July 1, 2020 | 12:46pm | Updated July 1, 2020 | 1:54pm

City Council bowed to “mob rule” when it slashed the NYPD’s budget by $1 billion, Police Commissioner Dermot Shea said Wednesday morning, while acknowledging the reduction will present a “significant challenge” but won’t “cripple” the department.

“You’ll see in the City Council, [a] bow to mob rule,” Shea said. “And let’s mark the date on the calendar and how long it’s going to be before we’re having a conversation about New York is crying out for more police. And I think that day has come.”

The city has seen a recent spike in shootings. Last week’s total shooting tally more than doubled compared to the same period last year.

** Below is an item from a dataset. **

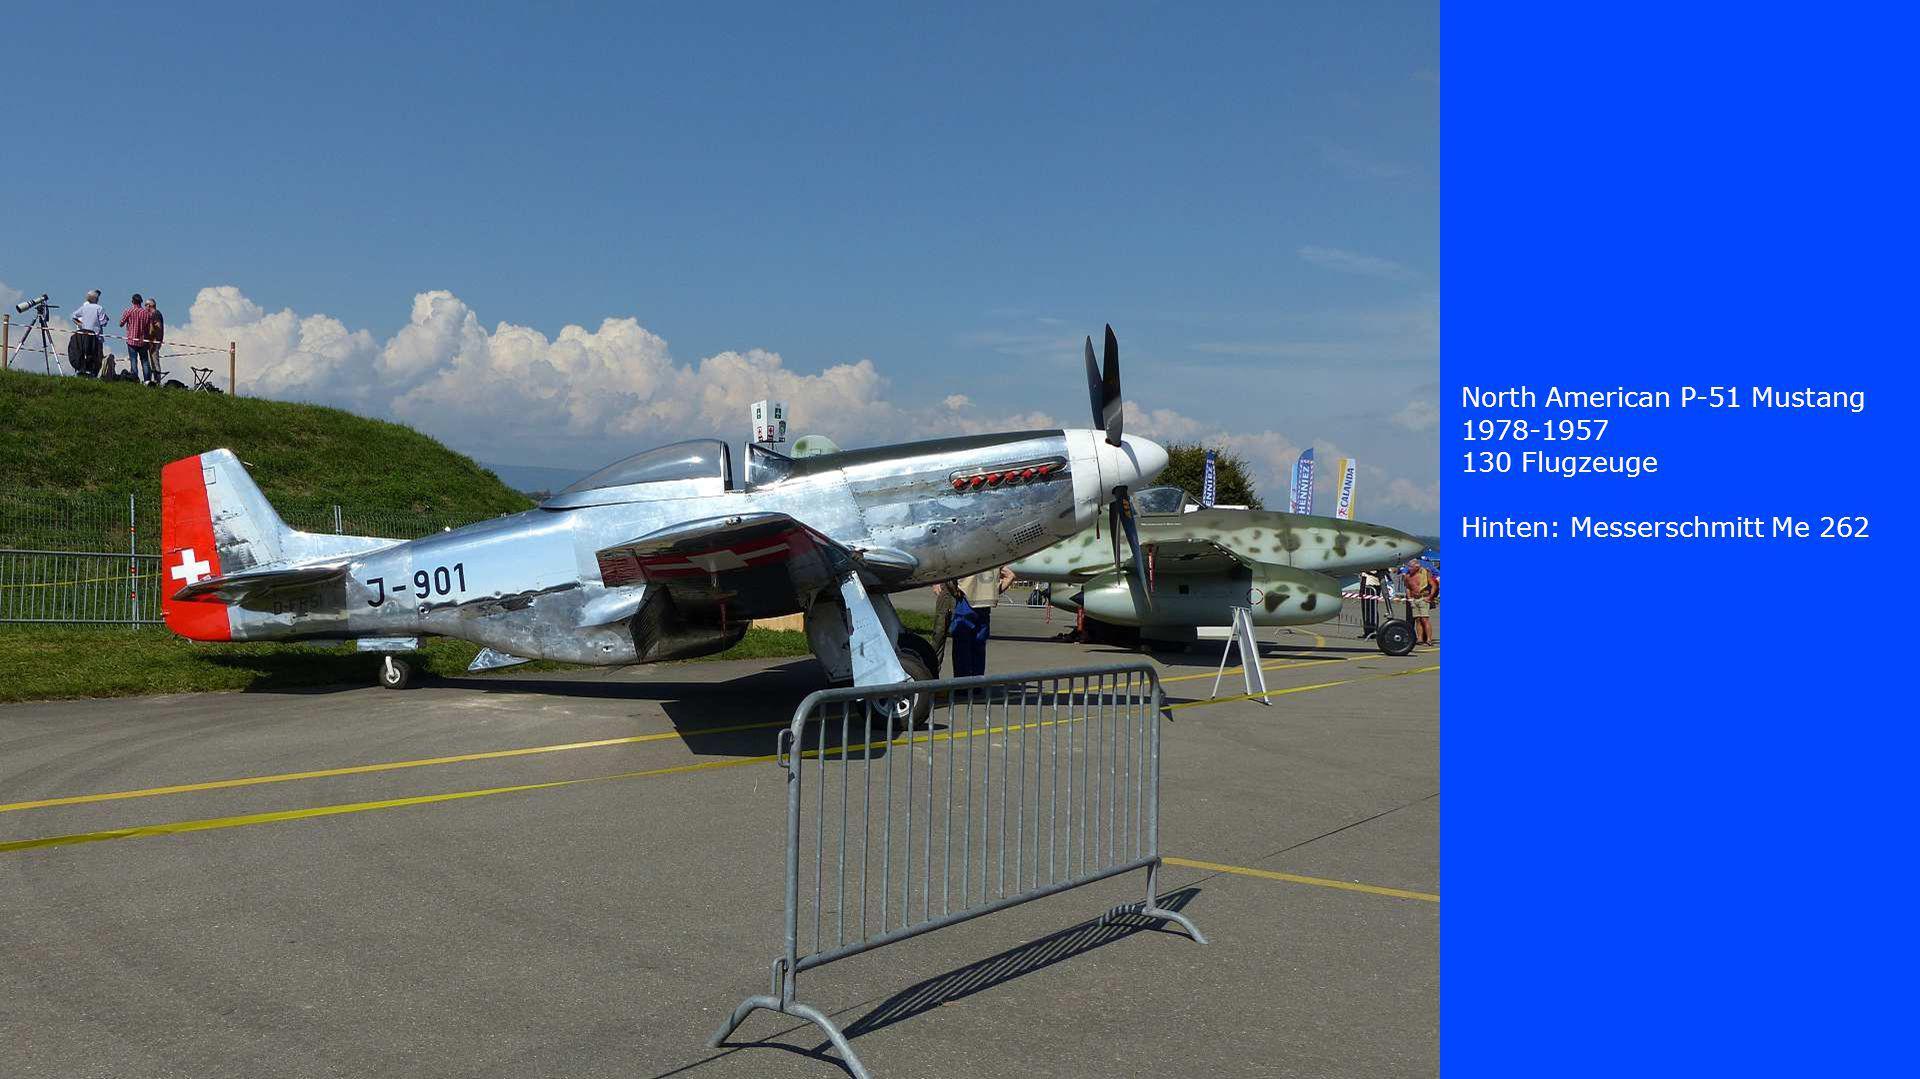 North American P-51 Mustang 1978-1957 130 Flugzeuge Hinten: Messerschmitt Me 262

About 47 percent of New York City voters opposed defunding police, compared to 41 percent who supported shrinking the department, according to a Siena College poll released Tuesday.

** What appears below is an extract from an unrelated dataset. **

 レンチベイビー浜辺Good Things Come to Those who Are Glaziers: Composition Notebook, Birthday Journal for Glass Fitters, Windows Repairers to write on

The top cop made the statements on Good Day New York, hours after the council approved the substantial cuts — amid an outcry from demonstrators seeking to defund the department in the wake of George Floyd’s death at the hands of police in Minneapolis.

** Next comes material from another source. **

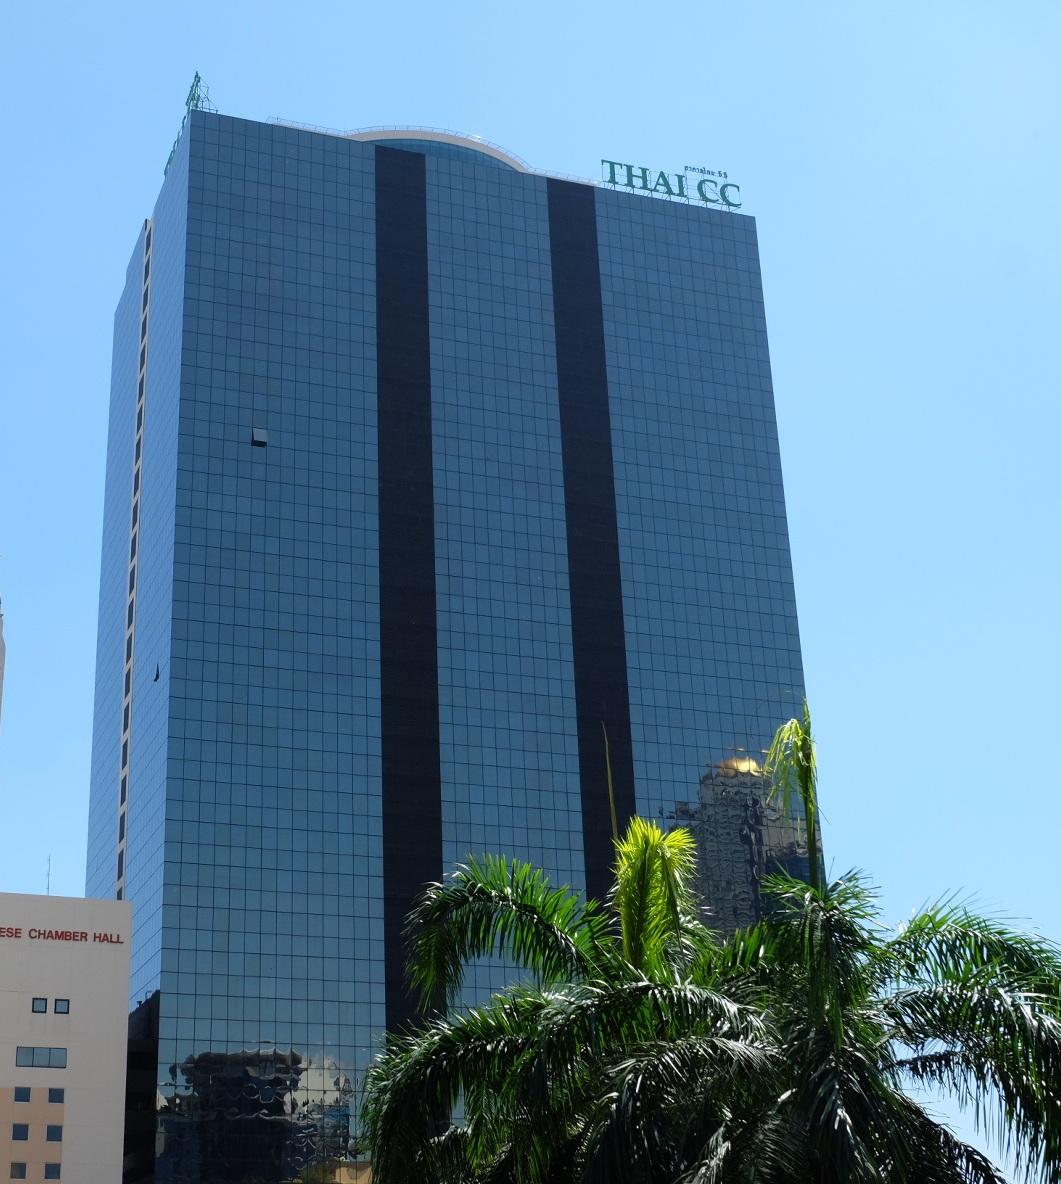 THAI CC Tower

“I don’t think of crippled,” Shea said of the department now that it’s head count has been reduced by 1,000 and its overtime was reduced.

“I think some of this is shifting money to other agencies [and] doesn’t save money at all, really” he added, referring to the transfer of school safety agents from NYPD to the Department of Education.

“But make no mistake, I think this is going to be a significant challenge, it’s going to impact how we police, it’s going to impact neighborhood policing.”

He also discussed the impact on officers’ morale — which he said at least partly plays into a recent surge in retirements.

The comments echoed police unions, which also opposed the cut.

“The people of this city will suffer most from the $1 billion in cuts to the NYPD budget,” said Paul DiGiacomo, president of the Detectives’ Endowment Association.

“Instead of cutting funds and reducing headcount, the city council and mayor should have invested more money in the NYPD to provide the necessary training and guidance for officers to properly understand how to arrest violent individuals in light of newly passed, ill-advised bills.”

Added Lieutenants Benevolent Association president Lou Turco: “The reduction in headcount will jeopardize the safety of New Yorkers.”

Shea also slammed a new city legislation that bans chokeholds in all situations and bars officers from sitting, kneeling or standing on a suspect’s chest and back during an arrest — calling it an “insane bill.”

“I would invite right now probably any member of the City Council to come to our police academy and view our training,” the top cop said. “Better yet, you can participate in our training and let’s see how you’re going to handcuff somebody who wants to fight with you without having your knee come in contact with their diaphragm. It is a law that should’ve never been signed, it’s a law that is crippling police in this city and I think that the people of New York City need to know that.”

He blasted the notion that an officer could be arrested for such a tactic — in situations where a suspect is violently resisting arrest — as “the definition, I think of insanity.”